Need to get all file differences (added, modified, renamed) between two Git commits

喜你入骨 提交于 2019-12-08 03:03:23
torek

As in CodeWizard's answer, you can use the "user-friendly" (or porcelain) command git diff instead of git diff-tree, which is what Git calls a plumbing command, meant for use in scripts. You should, however, be aware of what this means.

Since porcelain commands are meant for humans, they try to present things in human-readable fashion. This means they obey any setting that the one human in particular has set for himself/herself, in the various configuration files. That includes the diff.renames and diff.renameLimit configurations. They may also modify their output to make it easier for eyeballs, yet harder for computer programs, to deal with. Worst, they may change their output from one Git version to another, if people seem to prefer some default.

Since scripts are not meant for the above, they behave in predictable ways, with output that does not change, nor depend on configuration items. That way, whatever you request, you get: you will get reliable output in a reliable form, so that if you write your own reliable code, it will not just work today, for one case; it will keep working in the future, for all cases where it can.1

In the end, what this means is that if you use git diff-tree and set the right flags, you will get more reliable output. If you use git diff, your rename detection depends on:

As you discovered, the output from rename-detection is two pathnames, which is not something you can just pipe to an archiver. Archivers in general have issues with file deletion (this is, perhaps, one classic difference between archives and backups / snapshots; note that both of these are related to version control as well).

If your goal is a sort of union of all files—i.e., if the diff says that a file named A was added, one named D was deleted, and file R was created by renaming the old name O (and perhaps also modifying it: note Git's similarity index number that comes after the letter R), then you wish to collect file A, ignore file D, and collect file R while ignoring file O—well, then, what you want is to not detect renames in the first place! If you do not detect renames—which git diff-tree does not by default—this same diff will be presented as: add file A, delete file D, delete file O, and add file R. So a git diff-tree with a diff-filter that includes AM and excludes D suffices. It is less clear what to do with T, which is for a type-change: from ordinary file to symbolic link, for instance, or from file to sub-repository commit hash (what Git calls a gitlink entry, for a submodule).

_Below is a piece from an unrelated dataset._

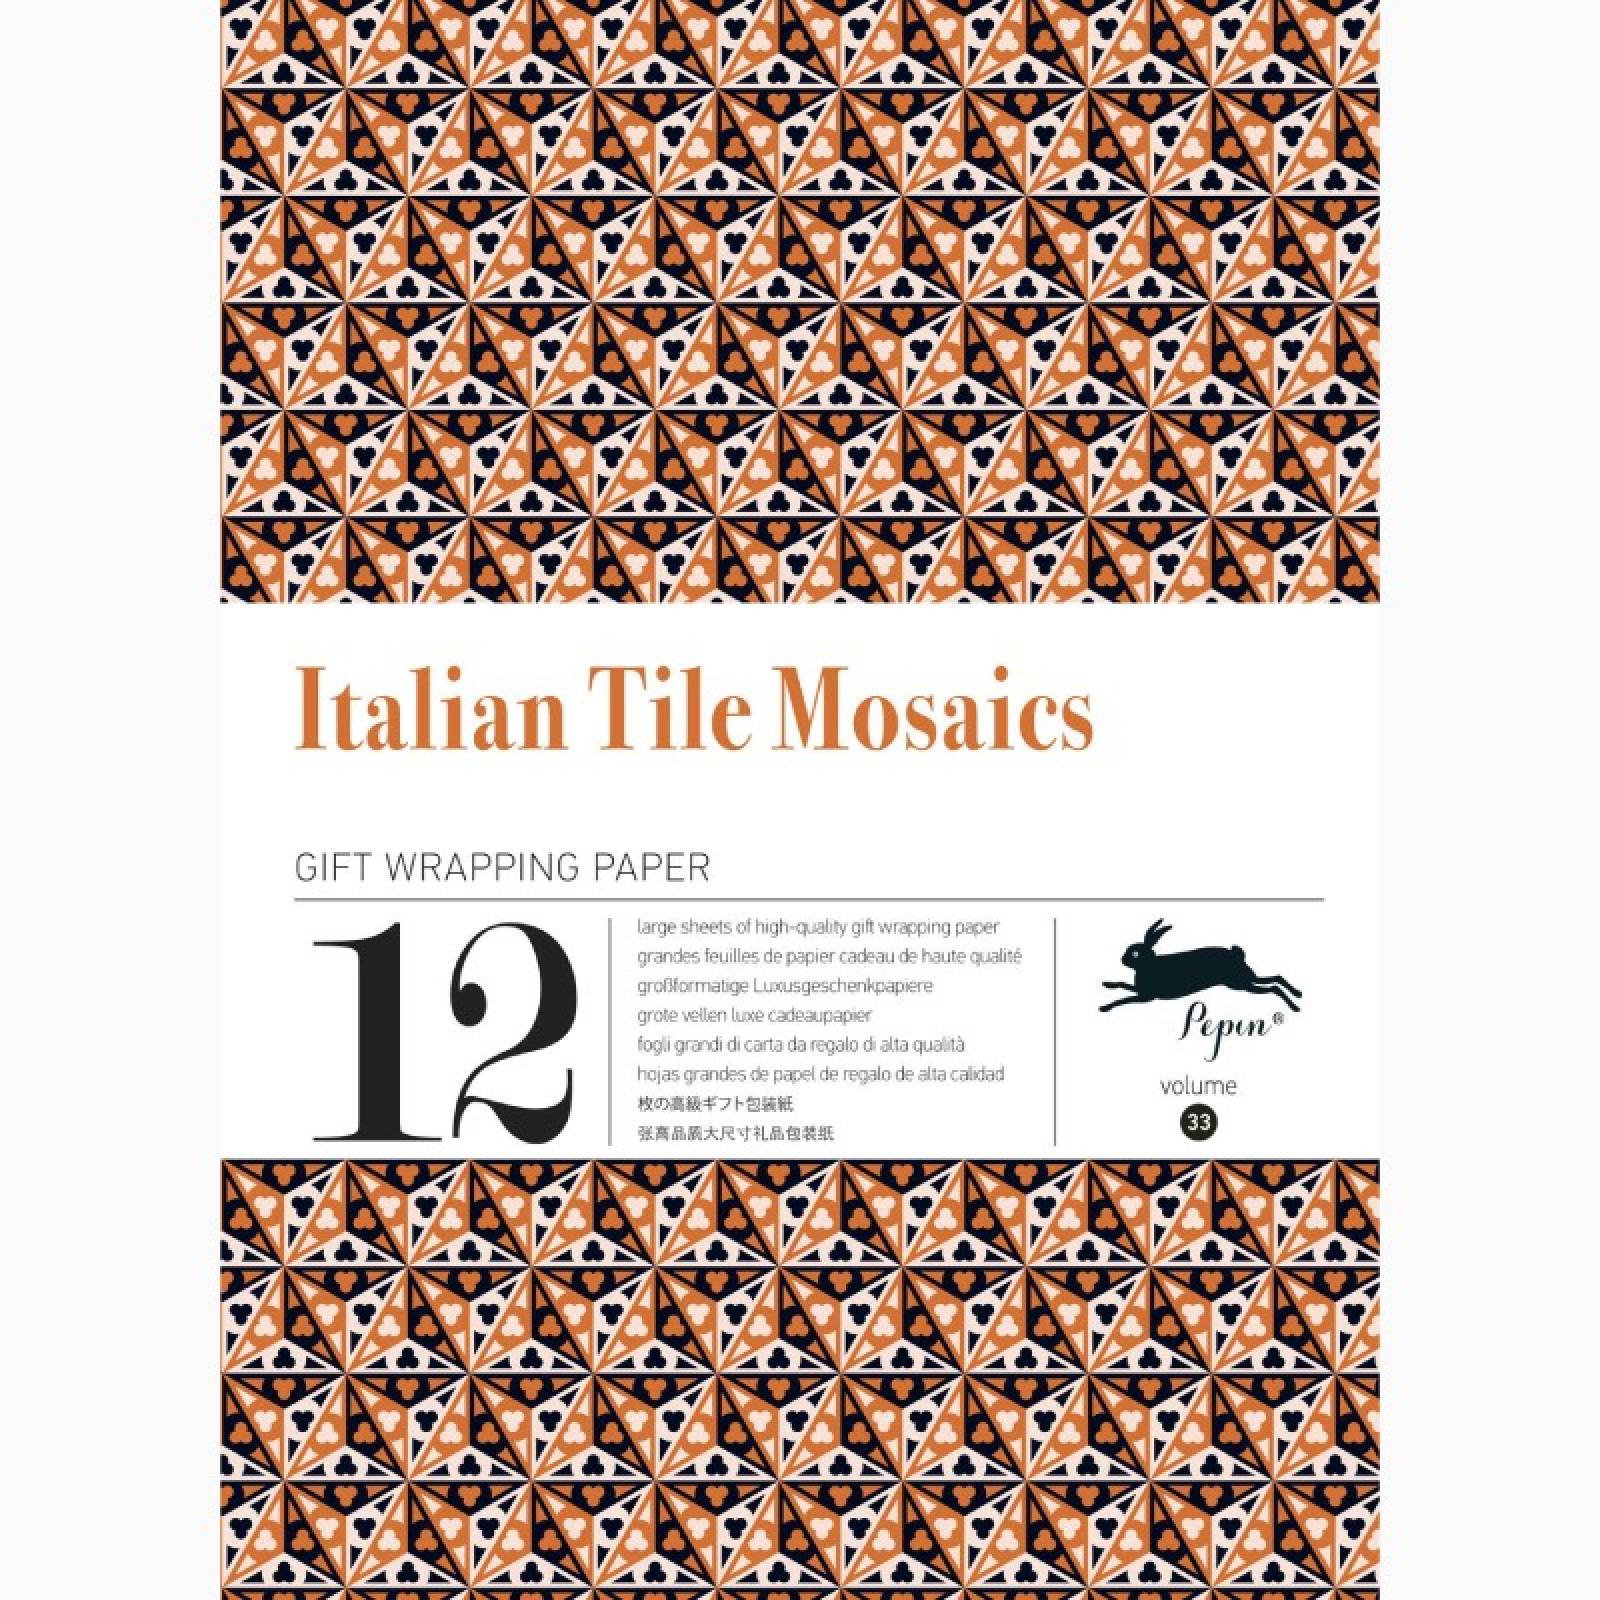 Italian Tile Mosaics - Pepin Book Of Gift Wrap

Similarly, you don't want to enable copy detection: a C status, like R, presents a similarity index and a pair of pathnames. If you leave it disabled, you simply get the new pathname as an Added file.

Even if you do all this, you are still set up for a pitfall. Suppose that commit hash C1 has a file named problem, and a (presumably later) commit hash C2 has instead two files named problem/A and problem/B. This implies that the original file problem was deleted between these two points, because most systems (including Git itself) forbid having both a file named problem and a directory named problem holding various files. Given that each tar-archive itself is not a complete snapshot—you omit files that are unmodified between C1 and C2—your procedure for extracting these snapshots must necessarily be additive: extract earlier snapshot, then extract later snapshot atop earlier snapshot. This process will fail at the point where file problem is in the way of creating directory problem. Obviously, you can check for such problems and remove the problematic file (you can see now why I named the file problem :-) ), but more generally, since you are not storing "delete" directives in the first place, you won't know, in a future case where you are using these archives to rebuild a snapshot, that some files don't belong in that snapshot at all.

(The classic solution to this problem is to prefix update-archives with some kind of manifest or directive. If you decide to use such a solution, then, depending on the kind of detail you want in the manifest-or-directive, you might want to do a first pass to detect exact renames and/or exact copies.)


1Obviously, newly added features can present problems for everyone, not just scripts and not just humans, but the Git folks do work hard on not creating unnecessary problems for scripts that rely on plumbing commands. Consider, for instance, the new impetus to push Git toward using some flavor of SHA-256 instead of, or in addition to, SHA-1. Since SHA-1 produces 160-bit hashes, and SHA-256 produces 256 bit hashes, these must be represented as 40 and 64 hexadecimal digits respectively. Linus suggested abbreviating 256-bit hashes to 40 characters by default, to help out existing scripts that assume 40 characters, but I foresee some problems... :-)

Why not using this simple status command:

git diff --name-only SHA1 SHA2
# or

# --name-status will display the name and the status of the files
git diff --name-status SHA1 SHA2

# To display untracked files use the -u
git status -u

And in git you should rename files only with the git mv command.